Acho que vou começar pelas pessoas. Nunca antes havia convivido num ambiente de trabalho com tantas mentes ansiosas e comprometidas com a experiência artística. Foi uma injeção de entusiasmo e eu fiquei viciada. Completamente apaixonada por tudo que envolvia aquele projeto. Isso também acabou me cegando para outros problemas, que hoje reconheço como vitais.
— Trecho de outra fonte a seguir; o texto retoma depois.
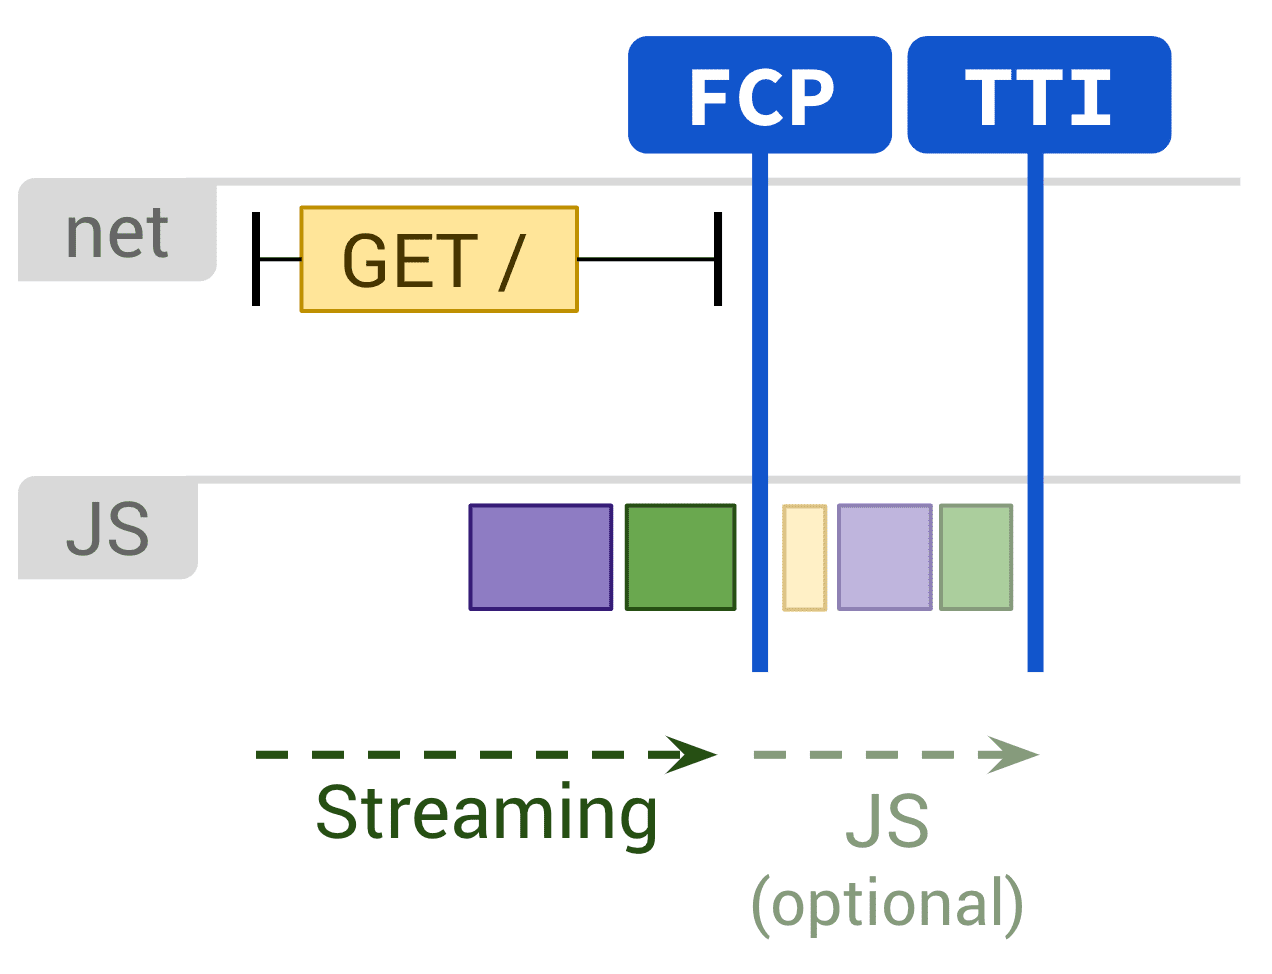 แผนภาพแสดงการแสดงผลแบบคงที่และการดำเนินการ JS ที่ไม่บังคับซึ่งส่งผลต่อ FCP และ TTI
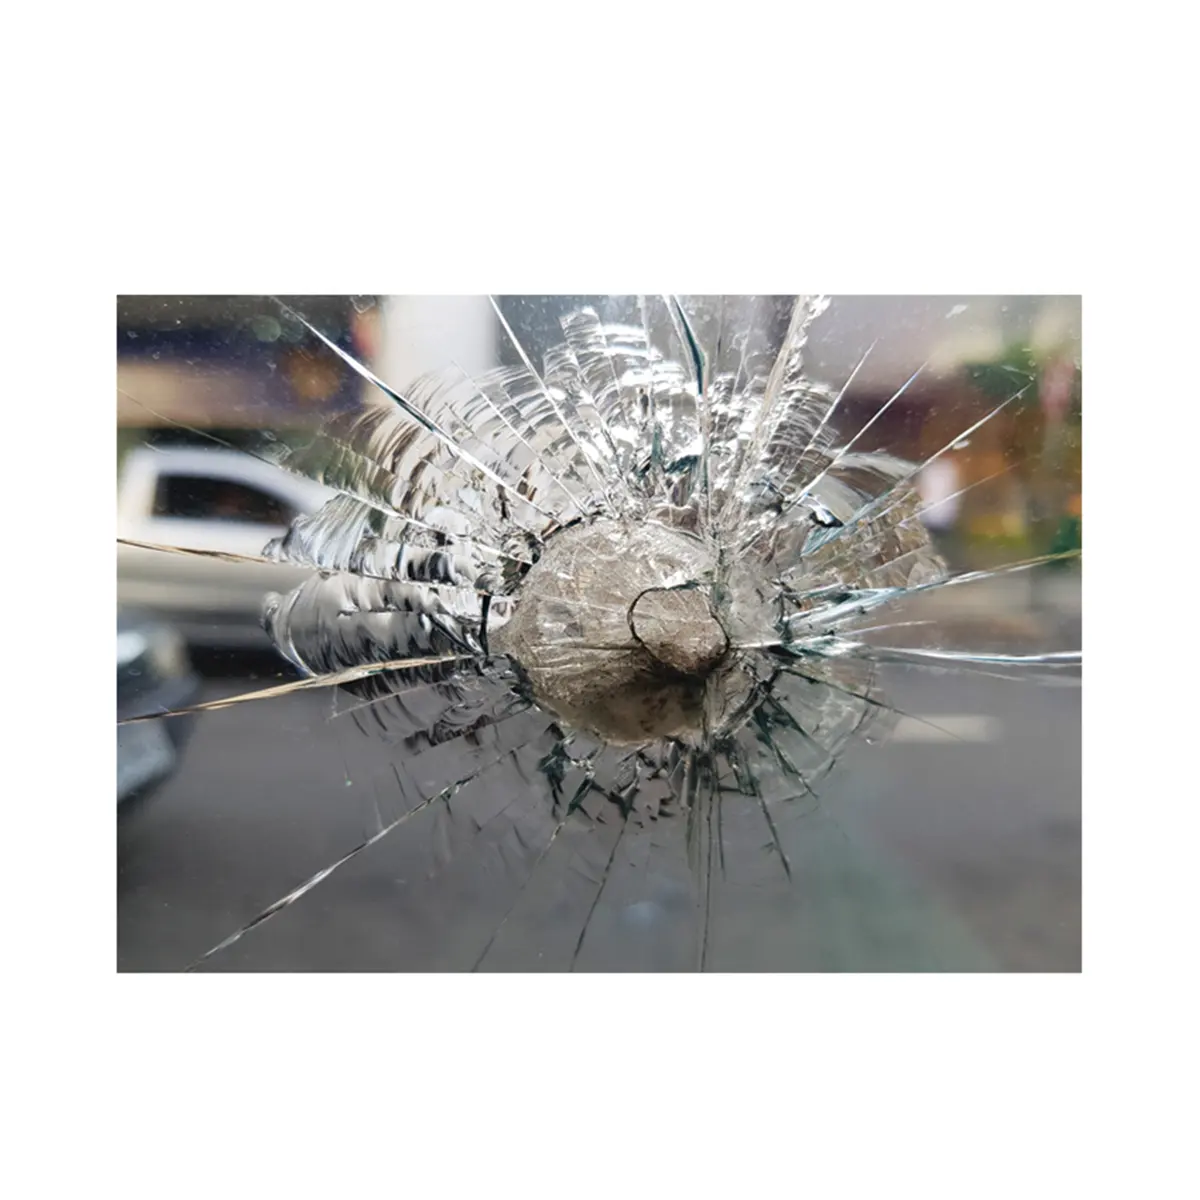 Пуленепробиваемое стекло, непоколебимая защита в ситуациях высокого риска с непробиваемым Пуленепробиваемым стеклом

Mas a questão maior do Arte em Trânsito para mim foi o cuidado amoroso com as conversas que pretendia-se colocar. Para começar, ele ocupa uma galeria que funciona dentro de uma escola. É um pequeno museu imerso no campo mais importante da educação, sendo diretamente e cotidianamente afetado por ele. Isso por si só já é potente. Mas para além dessa razão de ser do projeto, que independentemente de quem esteja envolvido vai delinear sua legitimidade, o encontro dessas oito cabeças nesse espaço-tempo criou um novo lugar para a arte educação em Juiz de Fora. Juntos produzimos um evento que ampliou ainda mais nosso universo de troca. Para nós foi como se fosse uma bienal. Assumimos papéis curatoriais dentro dos espaços expositivos mais relevantes da cidade, e fizemos um esforço descomunal para não perdermos a perspectiva pedagógica de vista. Foram exposições, rodas de conversa, colóquio, vernissages, oficinas, apresentações culturais, o pacote todo. Um sonho realizar algo desse tamanho para quem mal saiu da universidade. Esse mal sair da universidade foi mal visto para algumas coisas, mas também acho que o evento só se deu da forma como se deu pelo mesmo motivo.
Aprendi muito nesses dois anos de projeto, e ao lado daquelas pessoas, me permiti sonhar mais alto. A curadoria é hoje para mim um dos lugares que mais gosto de ocupar. Criamos juntos outras três exposições fora do projeto que se inseriram no circuito artístico da cidade. E assumi mais algumas outras curadorias menores também. Hoje esse tem sido meu maior objeto de estudo, meu maior interesse. Mas ainda não é o lugar onde estou 100% realizada. Entendi que preciso dos meus projetos dentro de escola, mesmo que curtos, mesmo que com poucos alunos.
E aí chegamos ao lugar em que espaço e afetividade me transformaram por completo. Fui bolsista do Pibid, e ao lado de outro grande amigo e arte educador, construímos uma oficina semanal onde a arte era o que ativava e materializava cada troca degustada. Sobre esse projeto, eu tento escrever, mas não sei se consigo colocar tudo em palavras, talvez precise de mais tempo, ou mais texto.